Benching a hero: How CB East is failing our kids amidst a mental health crisis
In the heat of a Friday night lights showdown against rival Neshaminy on October 10, 2025, Mike “Moose” Moosbrugger, Central Bucks East’s beloved assistant football coach, did what any true protector would do: He stood up for his players. Eyewitness accounts from fellow coaches and the kids themselves paint a picture of dirty hits designed to injure CB East’s boys. Moose confronted the referee with the fierce passion of a father shielding his own, only to be ejected. What followed wasn’t justice or even fundamental fairness; it was a leadership disaster. Principal Chad Watters issued an ultimatum: Resign by Monday or face firing by season’s end. No investigation. No chance for witnesses to share their side, contradicting the referee’s skewed version. Instead, Moose got slapped with an indefinite campus ban, far exceeding the Pennsylvania Interscholastic Athletic Association’s maximum penalty for such ejections: just two games.
This isn’t some minor sideline scuffle; it’s a gut punch to our youth at a time when they need anchors like Moose more than ever. Amid America’s raging teen mental health crisis, Moose has been a lifeline.
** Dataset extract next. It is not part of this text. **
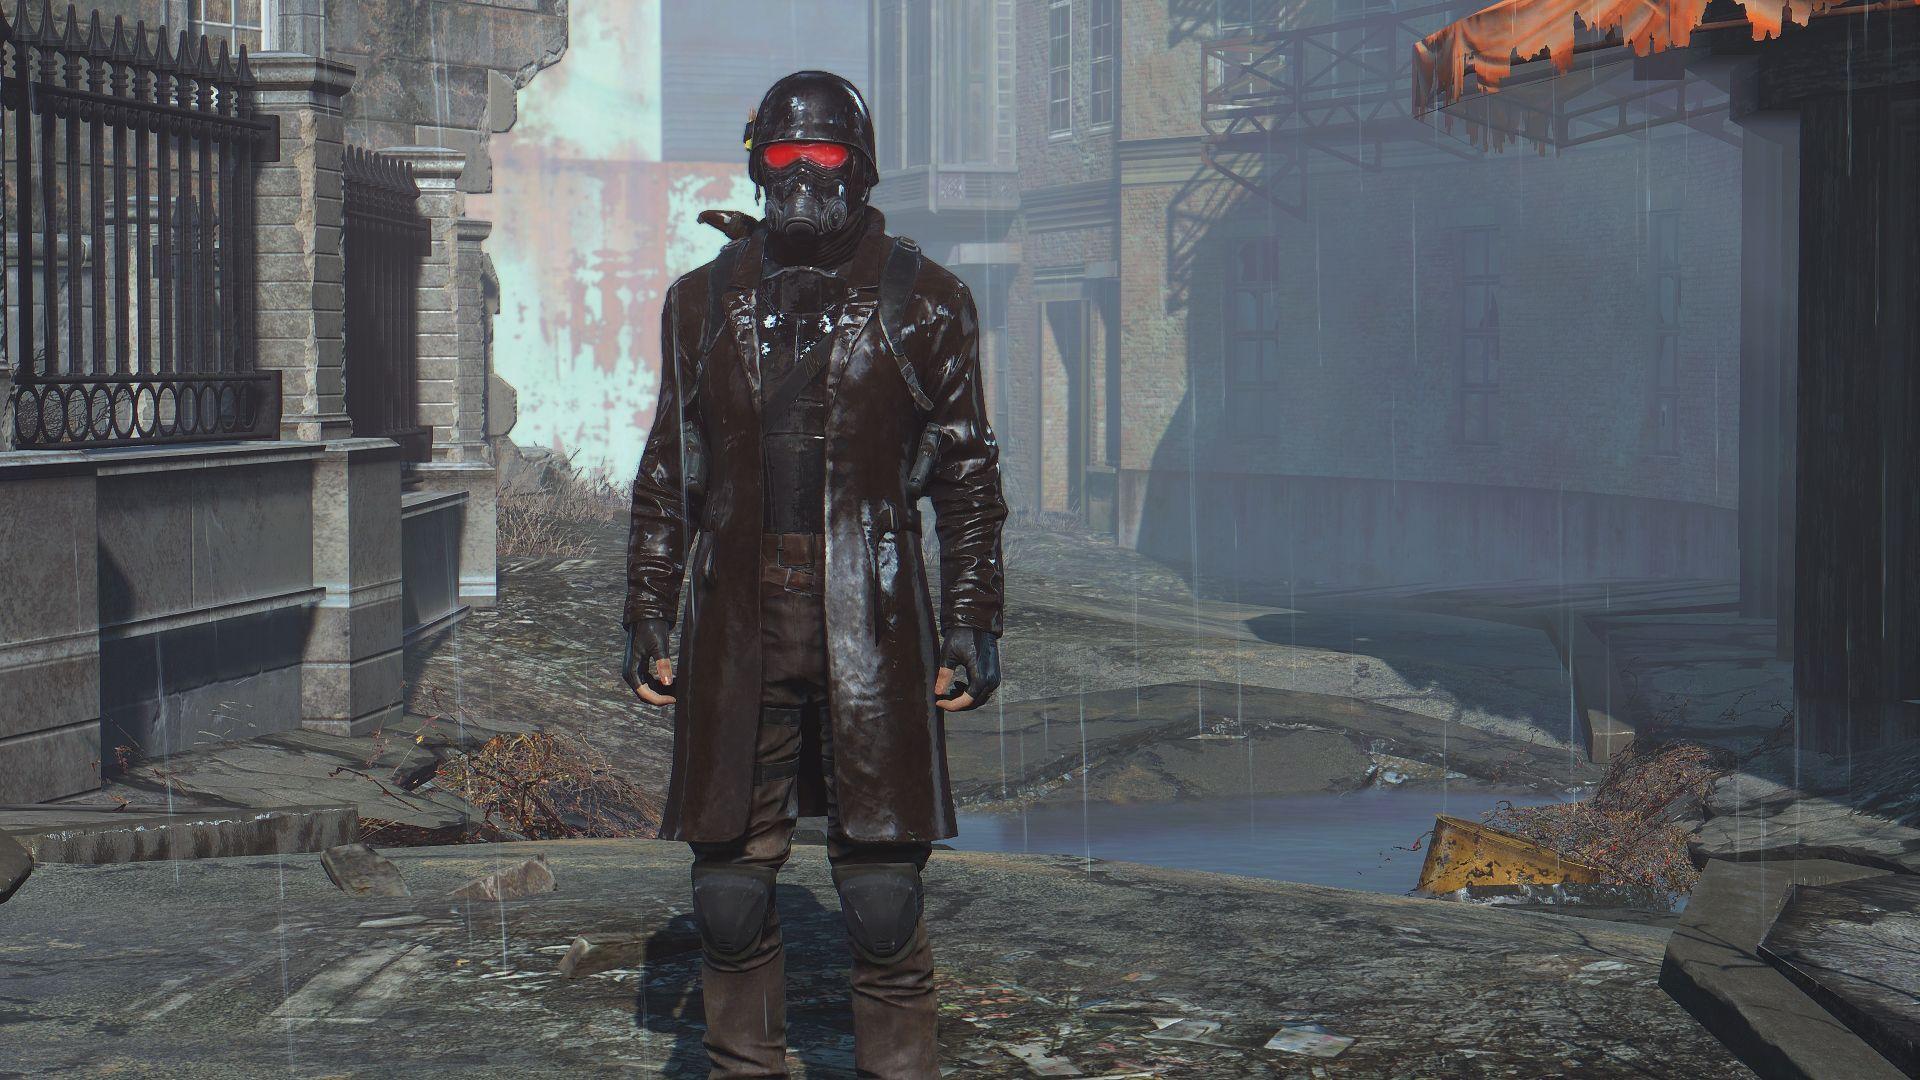 Fallout New Vegas Armored Vault 13 Jumpsuit Mod

Twice, he’s addressed the entire CB East student body, baring his soul about family struggles to drive home his mantra: “There are no bad days, only bad moments in good days.” For boys and girls grappling with isolation, anxiety, and crushing pressure, he models the positive masculine energy that’s vanishing from our culture: strength rooted in vulnerability, leadership fueled by love, and resilience born from forgiveness. In 2025, CDC data shows suicide rates among youth aged 10–24 have climbed 52% since 2000, with over 7,000 deaths last year alone. We can’t afford to sideline heroes who remind kids that tough moments don’t define them.
The stakes couldn’t be higher. The Institute for Family Studies reports that 71% of high school dropouts lack consistent male role models, while Big Brothers Big Sisters data reveals mentored kids are 55% more likely to attend college, with stronger grades and attendance. Moose embodies this: His players don’t just hit harder on the field, they trust deeper off it. Yet CBSD’s response? A stone-cold email to parents, issued only after relentless pleas, rallies, and the team’s unified letter begging for mercy. It dodges the October board meeting rally, silences disputing witnesses, and cloaks itself in vague platitudes about “highest standards” and “personnel matters.” This is deflection at its worst, gaslighting families as our sons (and daughters) mourn the loss of a guiding light.
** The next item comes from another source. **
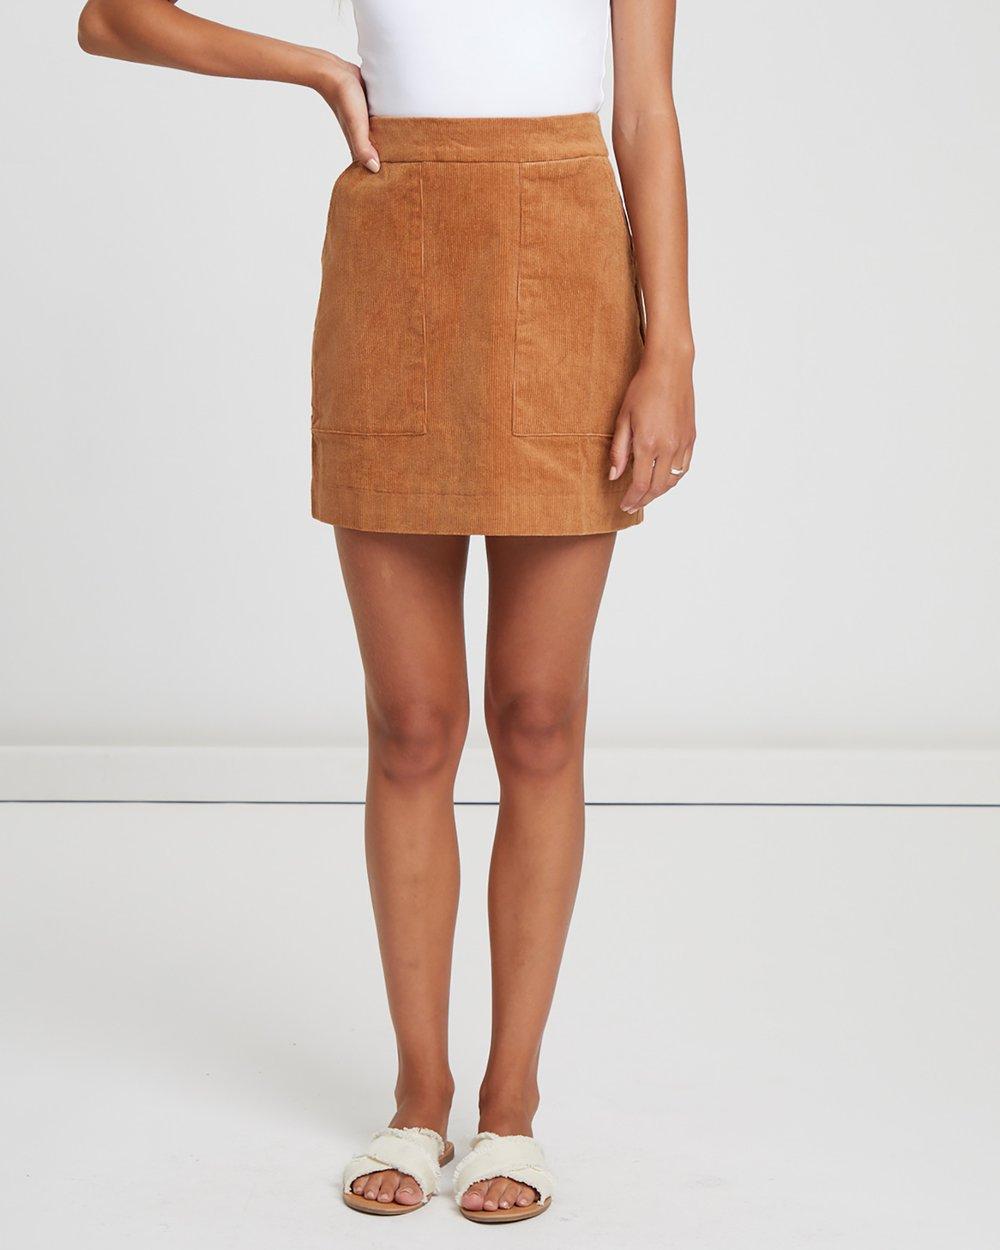 The Fated Triumph Mini Skirt

The team’s letter, from every single player, lays it bare: “Coach Moose always sought to connect…. His actions represented how he felt Neshaminy players were purposely seeking to injure his athletes, whom he considers to be his kids.” They call out the farce of a one-referee kangaroo court, ignoring eyewitnesses and bulldozing PIAA guidelines that cap penalties at two games for heated confrontations. Moose, refusing to be coerced, retracted his forced resignation and demanded the public hearing he’s entitled to under the Pennsylvania Public School Code. It was denied. It was a stand for due process in a district riddled with shortcuts, echoing the mishandled “Jamison incident,” a far graver failure of oversight that still casts a far-reaching shadow. Despite not being the board’s direct fault, it was their duty to clean it up then, just as it is now.
CBSD’s own mantra of “Pride, Accountability, Trust” demands more than lip service. Booting Moose doesn’t teach sportsmanship; it sows despair. Our kids need Mooses: mentors who show that passion for protection is a virtue, not a violation. In a world where 40% of high schoolers battle persistent sadness or hopelessness and where one in three seriously considered suicide last year, according to the Centers for Disease Control and Prevention, we can’t bench the very men who pull kids from the brink.
The official results page for the CDC’s 2023 Youth Risk Behavior Survey is available here.
This fight isn’t just about one coach; it’s a wake-up call for all of us. As our children watch, will we teach them that passion for protection is a firing offense? Or that love-fueled leaders like Moose and parents prevail? The choice is ours. Reinstate Moose. Reclaim our kids’ future.
Jay Callaghan is a Central Bucks parent.